Strings are one of the fundamental data representations in computer science and at the core of many problems in related disciplines. Whether you search web pages for malicious code, try to locate genes in DNA, or study trends in Twitter messages; in the very end, many research tasks boil down to analysing strings and their similarity. As a result, I have been facsinated by string analysis for several years.

Some time ago, I have been asked to write a review article for Wiley Interdiscplinary Reviews on strings and similarity measures. This article has now been published and is available online (HTML, PDF). The review covers the basic concepts of similarity measures for strings. I spare you with the details, however, I'd like to share some high-level insights from this work here.

Fun and pain with the edit distance: One of the oldest and most popular techniques to assess the similarity of two strings is the edit distance. Simply put, the edit distance compares two strings by determining the smallest series of operations that transform one string into the other. That is, the edit distance is constructive and a great tool when you are not only comparing strings but transforming them. For example, the edit distance is the tool of choice when eliminating typos in text or seeking a "diff" between two sequences. However, this power comes at a price: the run-time of the edit distance is quadratic in the length of the strings—even with clever tricks, such as the Four Russians Method. For larger strings, the edit distance thus rather poses a problem than a solution.

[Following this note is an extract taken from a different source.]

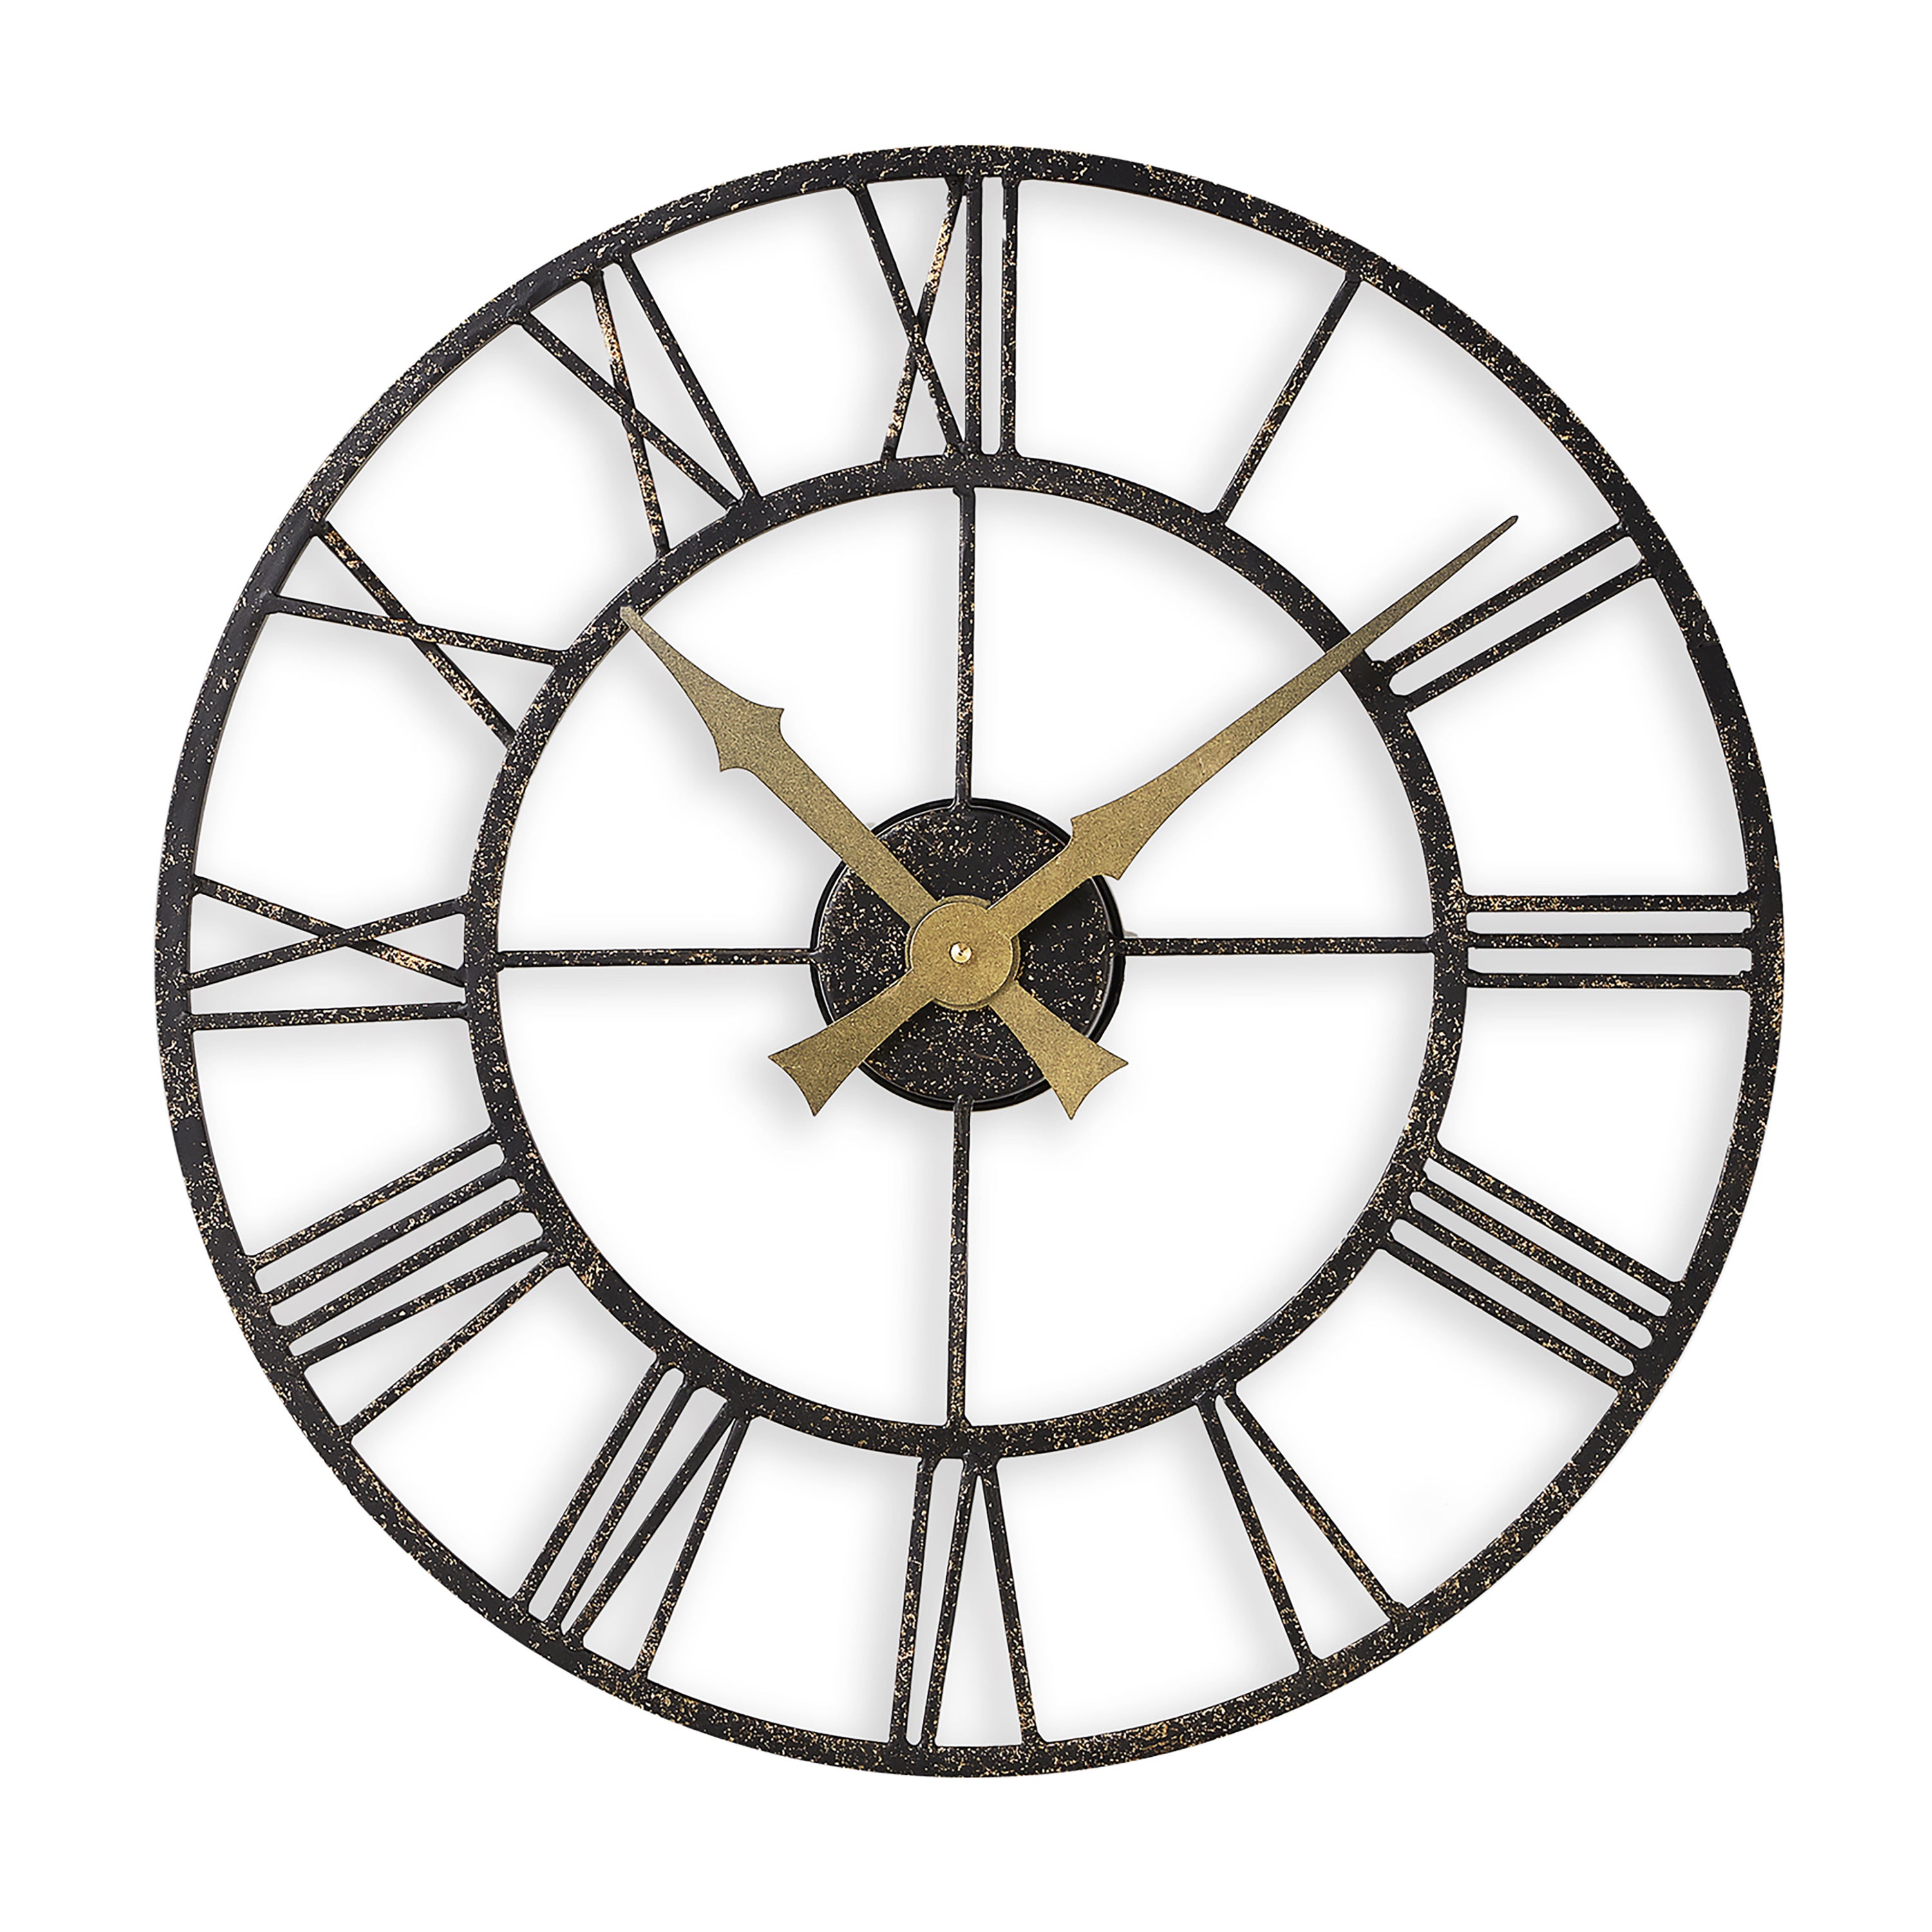 Vintage Skeleton 50cm Indoor Outdoor Wall Clock Black

The impossible vector space model: Another popular concept covered in the article is the vector space model or bag-of-words model. In this model, strings are characterized by contained substrings (e.g. words or n-grams) and mapped to a high-dimensional vector space, where each dimension reflects the frequency of a particular substring. This mapping allows for applying the full machinery of mathematics to string data. Surprisingly, the security community has often refrained from using this model. Even worse, a misconception is spread that the curse of dimensionality generally impedes analysis of such high-dimensional vectors. This is nonsense and analysing data with millions of dimensions has become everday business in many areas of research. For example, my tool Sally can be applied out-of-the-box for comparing strings using the vector space model, see the examples.

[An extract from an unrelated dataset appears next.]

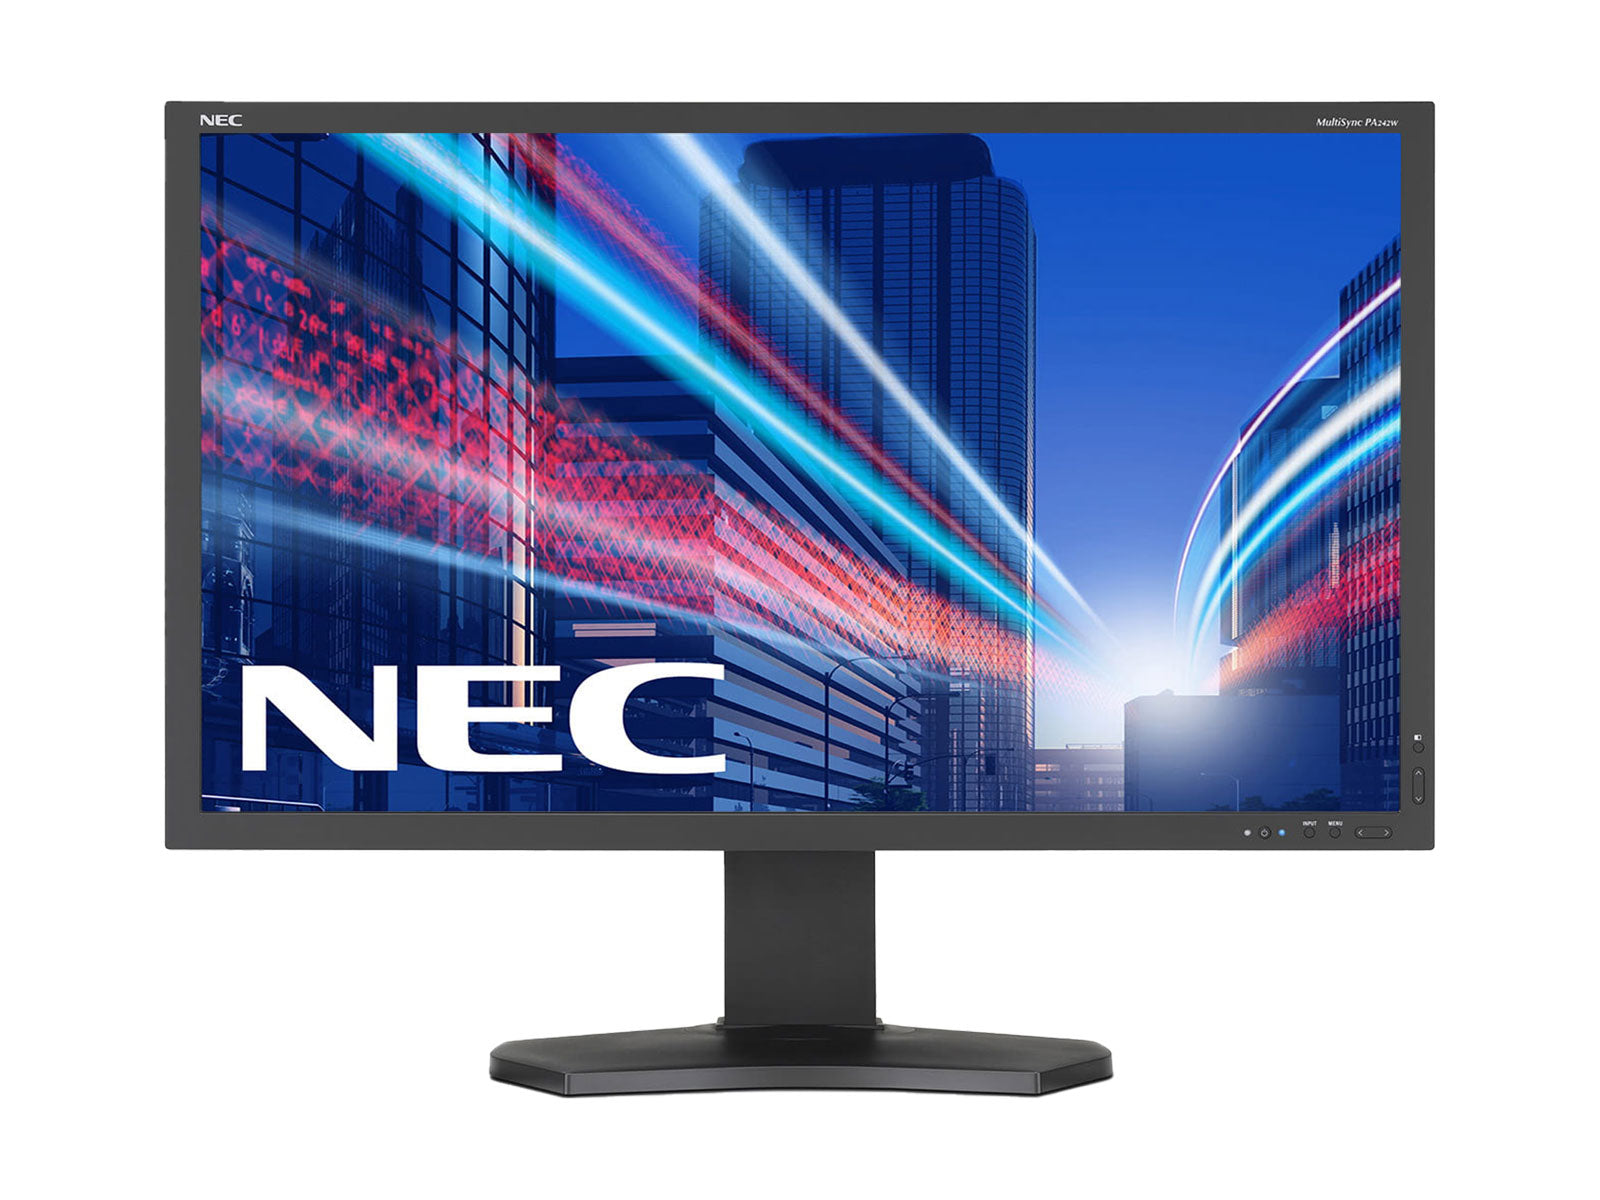 NEC MultiSync PA242W 24" WUXGA 1920 x 1200 Professional Wide Gamut Graphics Display Monitor (PA242W)

In conclusion, the wealth of information that can be stored in strings is reflected in the myriad of ways to compare them. There is no silver bullet and often you simply need to pick the method that works best in the application at hand. While the edit distance is a great tool, it may suffer from excessive run-time. The vector space model is efficient and easy to use (and there is nothing wrong with using millions of dimensions). However, the model is not constructive and there is no trivial way to retrieve a "diff" from this representation. Finally, if you are looking for more advanced ways to torture string data, I recommend an article by Sören Sonnenburg on string kernels.